The associated training page for this network is here: digittraining.html

Confidence: 0%

Note: This demo uses ES6 features and will not run in Safari 9.x. Try Chrome 52+, Firefox 50+.

But this has been done before...

Yes, well, sort of. It is a classic dataset now, and one that thousands have tested CNNs on. There are a couple of other demos similar to this one on the web already, but what makes this one a little different is that I've coded the full CNN in JavaScript--forward and backward passes--and the demo above was trained on the same codebase it's running on now. The other online demos I've found that let you draw digits for recognition have only the forward implementation in JavaScript, and their network was trained externally in a commercial product like MATLAB or TensorFlow and imported into JS. Andrej Karpathy's ConvNetJS is the only other complete JavaScript CNN implementation that I'm aware of.

Because my motivation for doing this project is to learn about how these things work at the most fundamental level, and because deriving and implementing the gradient descent training of the network is where the real math is, I decided not to cut any corners and to intentionally re-invent the wheel for my own understanding. You can see my somewhat crude training page here: digittraining.html This network instance has been trained on the MNIST set of 60,000 handwritten digit images, and scores approximately 98% accuracy on the associated set of 10,000 validation images.

So, what is this doing?

The images you draw in the box above are being fed into a Convolutional Neural Network that I wrote in JavaScript/ES6 and trained on the MNIST dataset of handwritten digits. The network consists of digital filters that started out (prior to training) initialized with random values in their kernels. The network "learns" to distinguish the features of digits by a negative feedback process known as gradient descent. Labeled example digits are fed into the network, and any error in their classification is used to tune the network--making small adjustments to values in the filter kernels and to the weights of connections to the output layer--to produce a more accurate score. This is repeated for tens of thousands of example digit images, until the network has converged on a set of filters that can accurately differentiate between all 10 digits.
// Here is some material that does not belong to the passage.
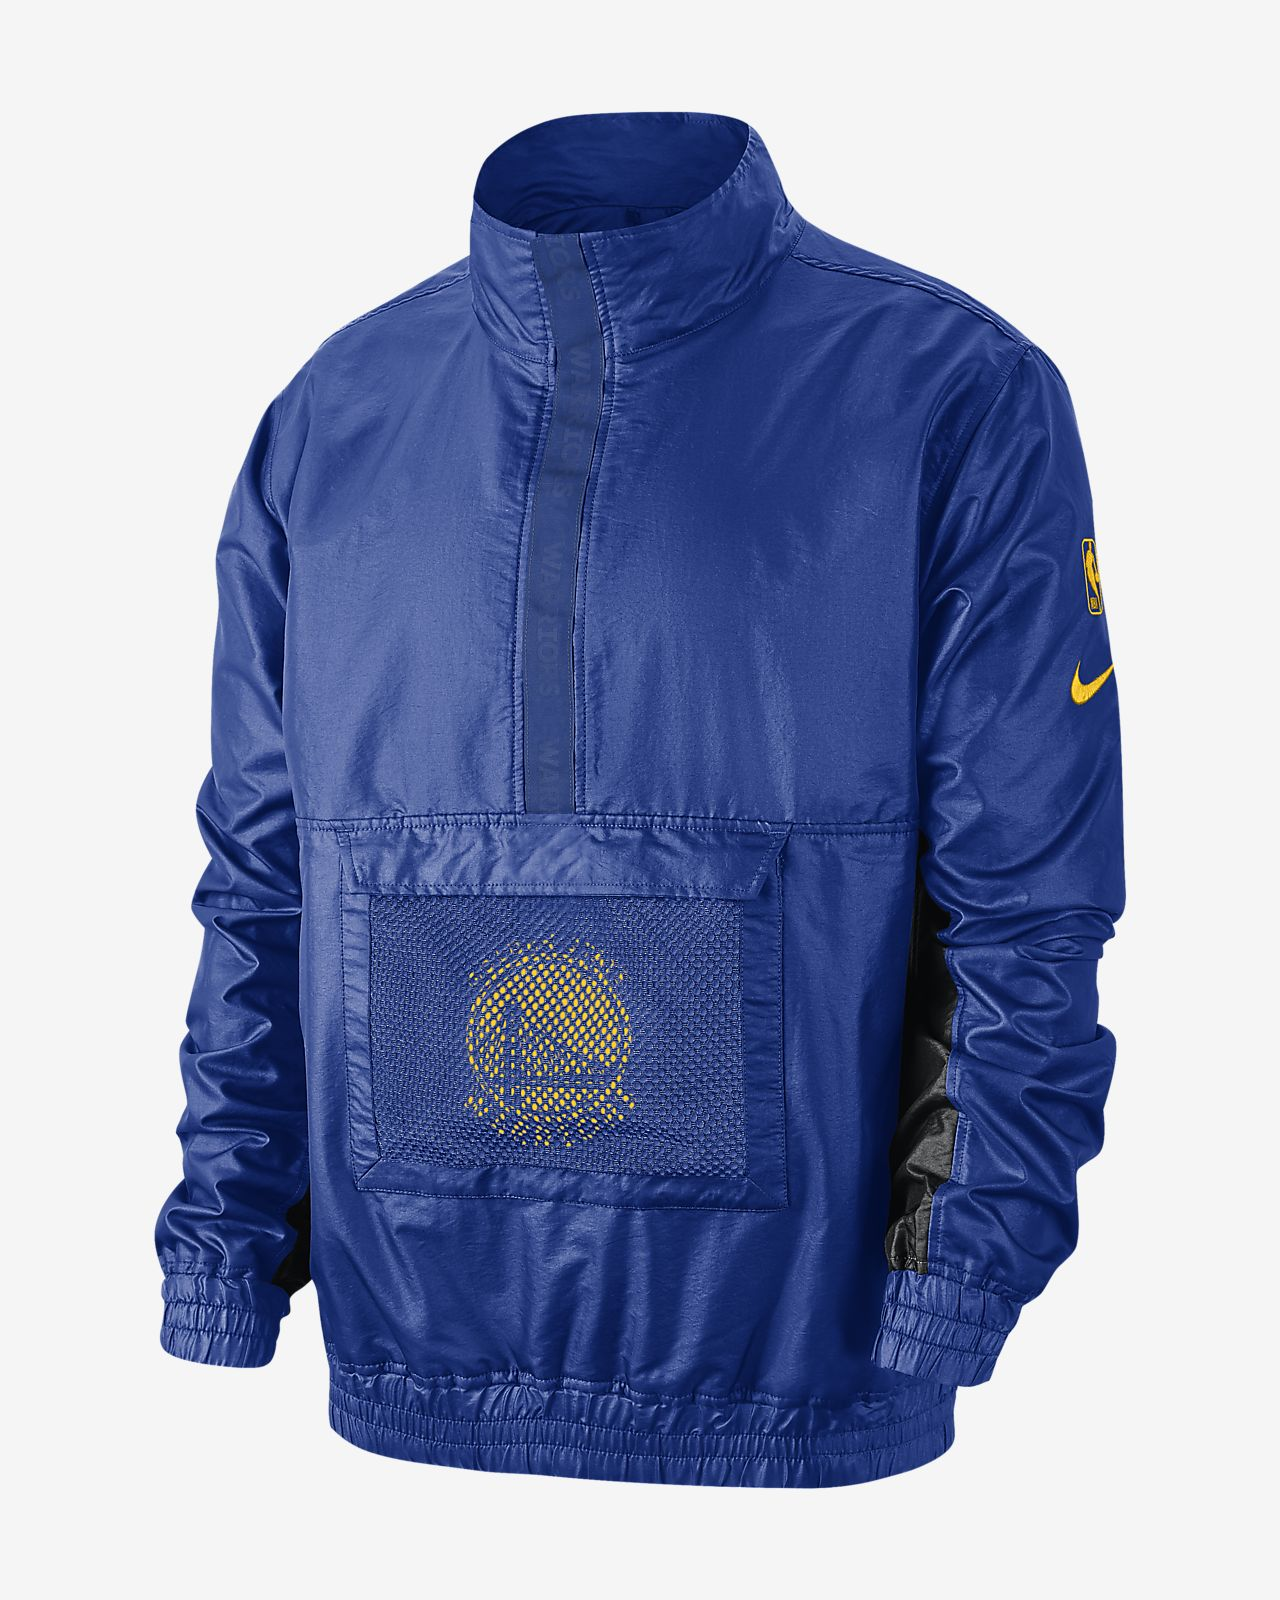 Golden State Warriors Nike könnyű férfi NBA-s kabát

This network's architecture

The network analyzing the digits consists of:

The input image pre-processor, which crops your drawing down to a 24x24 pixel input image, redrawing it with a thinner stroke if it does not fill the box
A convolution layer with (10) 5x5x1 filter kernels, ReLU activation
A modified¹ max pooling layer, 2x2 with strides of 2
A convolution layer with (20) 5x5x10 filter kernels, ReLU activation
A modified max pooling layer, 2x2 with strides of 2
A fully-connected layer with 10 units with soft-max activation

During training of the network, I used a small amount of input image augmentation suggested by Andrej Karpathy in the notes accompanying his MNIST example here: http://cs.stanford.edu/people/karpathy/convnetjs/demo/mnist.html A random 24x24 crop is taken from each of the 28x28 digit images. The network was trained using 2 passes of the dataset, a total of 120,000 impressions.

¹I've implemented the max pool layers to backpropagate error evenly to all input pixels that attained the maximum during training, when there is more than one, rather than the more traditional approach of randomly selecting one when this occurs.